At the foundation of this method is the computation of percentile limits for the underlying income distribution. Esri’s measures rely on a categorical distribution: households by income intervals. Like our median estimation methods, a percentile limit is calculated from the income intervals of the distribution using Pareto interpolation unless the limit falls in the lowest (<$15,000) or highest (>$200,000) interval. For the lowest interval, linear interpolation is used. Figure 7 below demonstrates the relationship between percentile limits and households. The diagram displays the estimated U.S. quintile limits (the 20th, 40th, 60th, and 80th percentile limits). These dollar values divide total U.S. households into equal bins representing 20 percent of the population.
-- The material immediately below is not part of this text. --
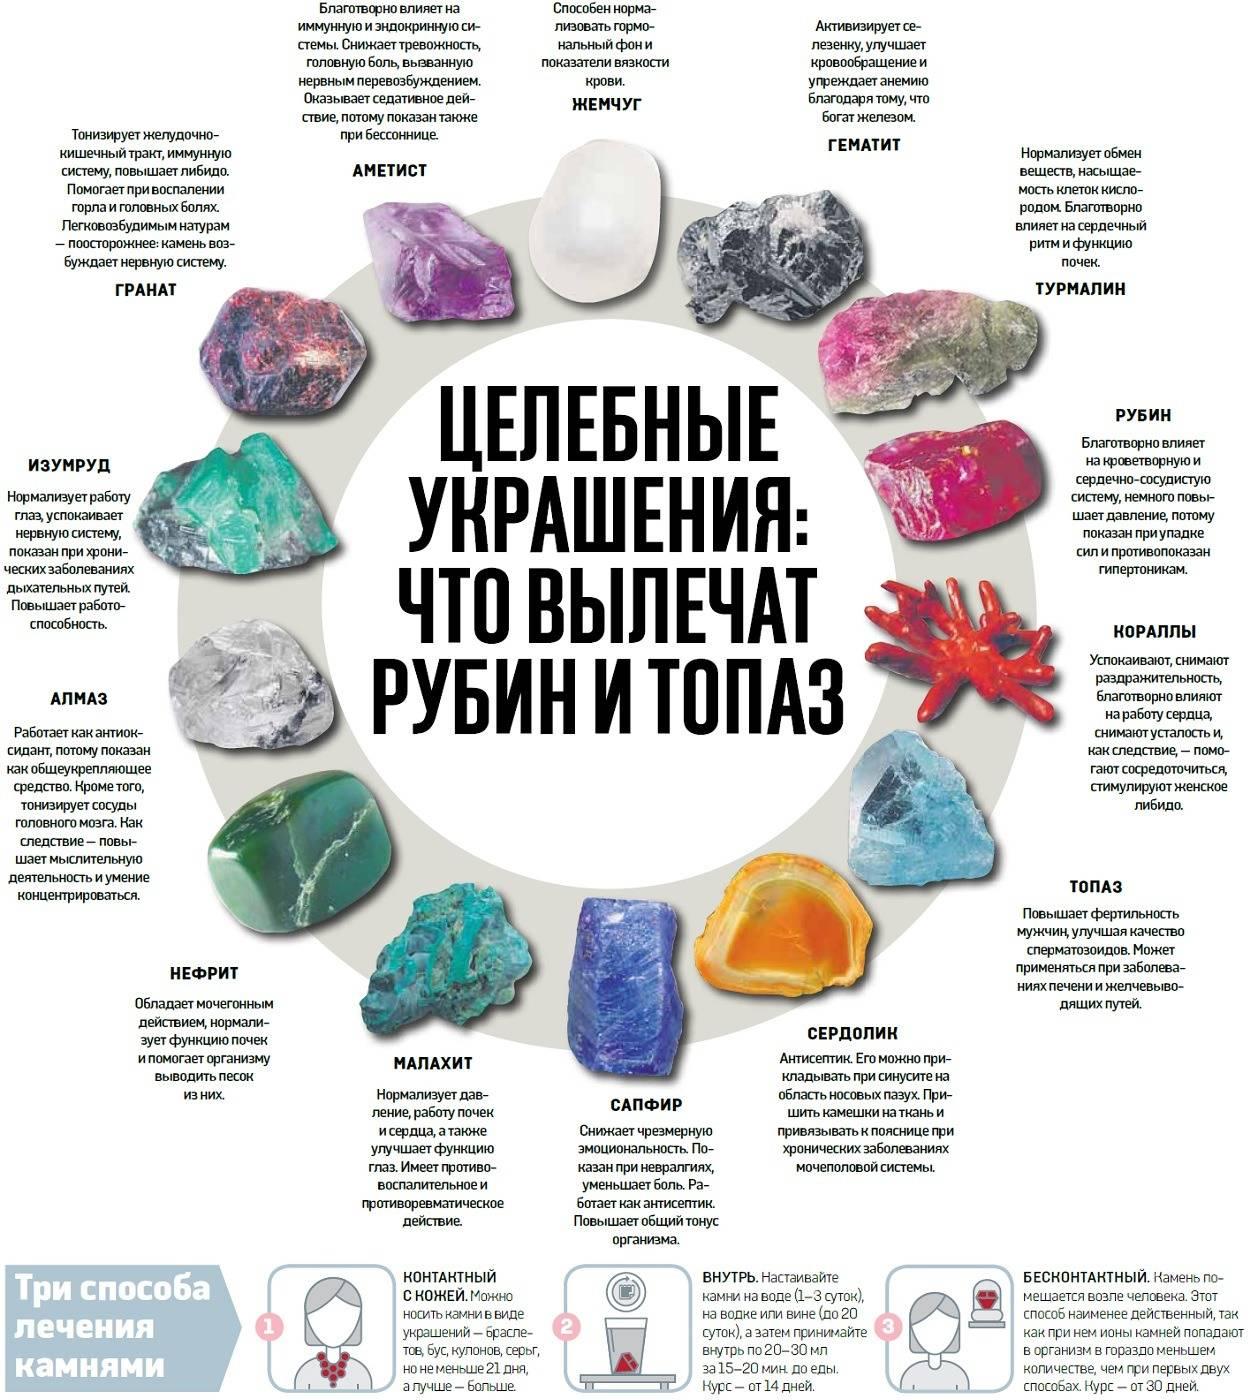 Камни по знакам зодиака (50 фото): драгоценные и полудрагоценные самоцветы, какие подходят по гороскопу, таблица

Figure 7: U.S. Income scale and percentile limits
The shape of the income distribution determines the scale, and the spread of quintiles is demonstrated in the quintile charts for area X and area Y shown in figures 8 and 9. Regardless of the dollar value of the quintile limits, the same number of households is in each of the five quintile groups. The concentration of household incomes in area Y is illustrated by the quintile limits falling within a very small range.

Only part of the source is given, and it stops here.